Editor’s note: this is one of the longest posts the Cup has ever taken on, looking in-depth at the career of our new head coach. Your legs will definitely fall asleep if you read this during your morning trip to the bathroom. Please read responsibly.
To get a general idea of what Ole Miss could look like with Kiffin’s influence, let’s take a look back at some of his former offenses. First, gaining an understanding of his coaching lineage is important. Kiffin began learning the game under his father Monte Kiffin (now a defensive-minded advisor to the program) and studied under Jon Gruden in Tampa Bay in the early 2000s. His first Power 5 job came at Southern California where Kiffin absorbed the offense of Norm Chow, who brought a version of LaVell Edwards’ pass-heavy BYU offense to Los Angeles.
If Hal Mumme and Mike Leach are considered the revolutionaries of the uptempo, ‘Air Raid’ offense so prevalent in today’s game, Edwards is a founding father and deserves a place at the table alongside passing-game innovators Sid Gillman, Don Coryell and Bill Walsh. The numbers of Edwards’ top performing quarterbacks speak for themselves:
- Marc Wilson (29 touchdowns for an 11-1 team in 1979)
- Jim McMahon (47 touchdowns and 4,571 yards in 1980; 30 touchdowns and 3,555 yards in 1981)
- Steve Young (33 touchdowns, 3,902 yards in 1983)
- Robbie Bosco (33 touchdowns, 3875 yards in 1984; 30 touchdowns, 4,273 yards in 1985)
- Ty Detmer (121 career touchdowns with 15,031 yards) — won the 1990 Heisman Trophy
Young played for three of the four ‘Mount Rushmore’ coaches just mentioned. He once spoke about how all three offenses were connected and way ahead of its time. That notion rings true today - every time a team lines up with four or five wide receivers, goes fast and throws the ball deep, which Kiffin and Lebby will, Edwards is in part to thank.

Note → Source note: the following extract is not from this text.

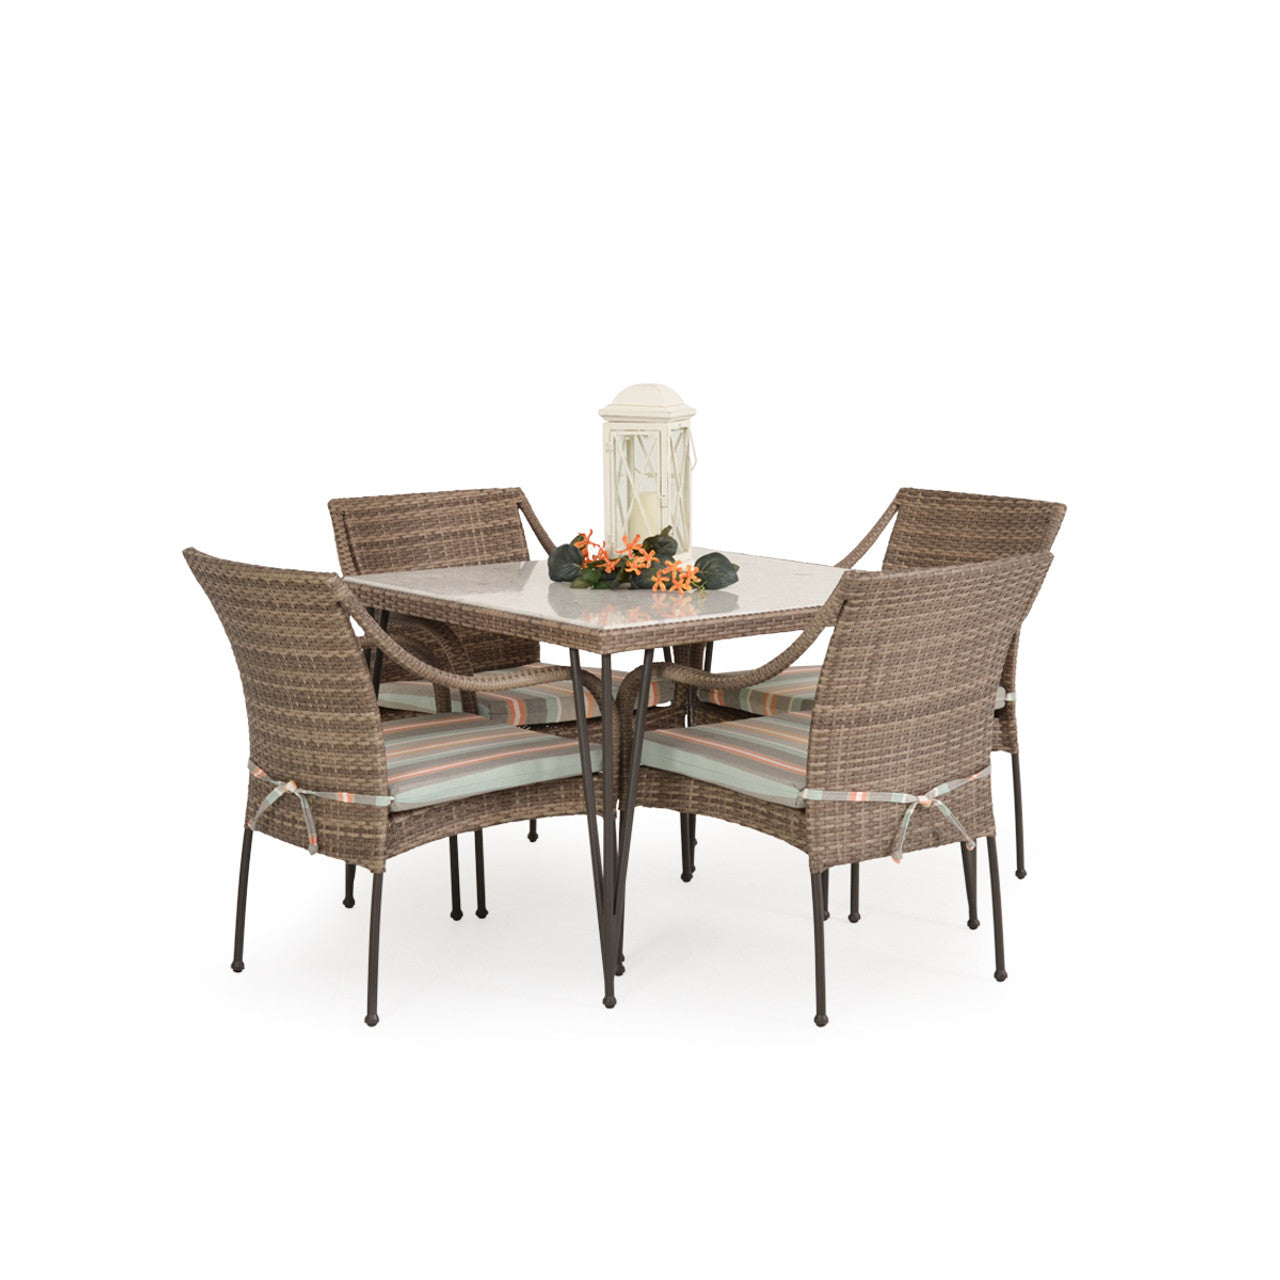 Leaders Furniture Garden Terrace Outdoor Wicker 39" Square Dining Table with Stone Top
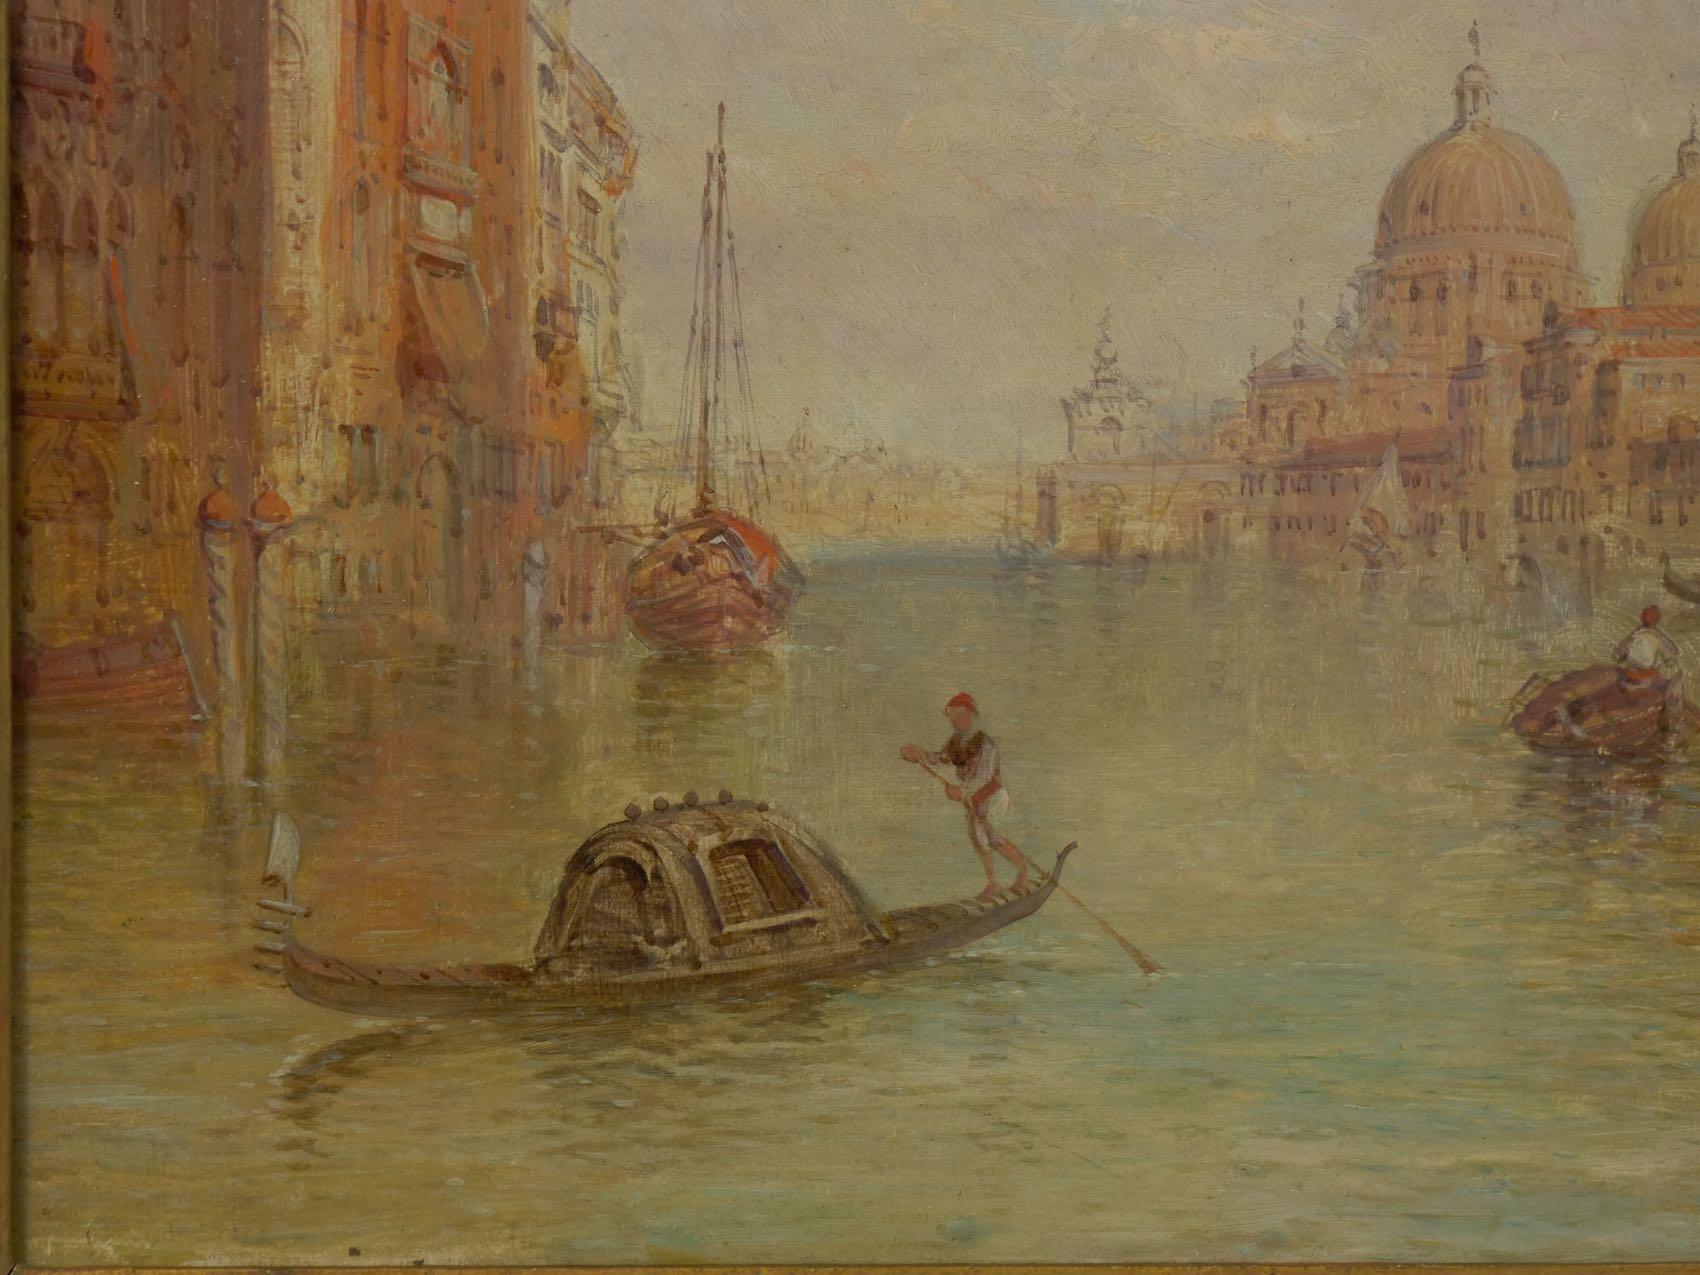 Hand-Painted Antique Oil Painting “Grand Canal, Venice” 1889 by Alfred Pollentine

Chow, who was USC’s offensive coordinator in the early 2000s, learned from Edwards. Kiffin was under Chow’s tutelage. A high-tempo, intricate twist on simple schemes is the only offense Kiffin has ever known, and he has proved he can call it.
Southern California, 2005-2006 — Offensive Coordinator
When Chow left for the same position with the Tennessee Titans in 2004, Trojans head coach Pete Carroll wanted to update his offensive attack with NFL concepts. He wanted to build from Chow’s skeleton and implement some of the ideas of Gruden, who had won a Super Bowl the year prior. Carroll called upon Kiffin to take the reigns as passing game coordinator first and then co-offensive coordinator with Steve Sarkisian, who played under Edwards at BYU.
USC averaged 579 yards per game and became the first offense with two 1,000 yard rushers, a 3,000 yard passer and a 1,000 yard receiver (almost two) with the Sark/Kiffin duo calling plays in 2005. Getting the ball to his playmakers, creating chaos and targeting mismatches is what Kiffin is all about. Reggie Bush, LenDale White, Matt Leinart, Dwayne Jarrett, Steve Smith and an incredible group of Big Uglies came together to create one of the best offense in college football history.
A big part of the success came from keeping the defense on its toes while also taking what the defense gave. See here how the offense lined up in an empty set out of the huddle and then shifted into a basic I-formation set pre-snap.
Watch the confusion of the defense. When the offense revolves around specific athletes, it’s important to disguise where they are lining up in effort to create a mismatch. Motion is a big factor in the camouflage.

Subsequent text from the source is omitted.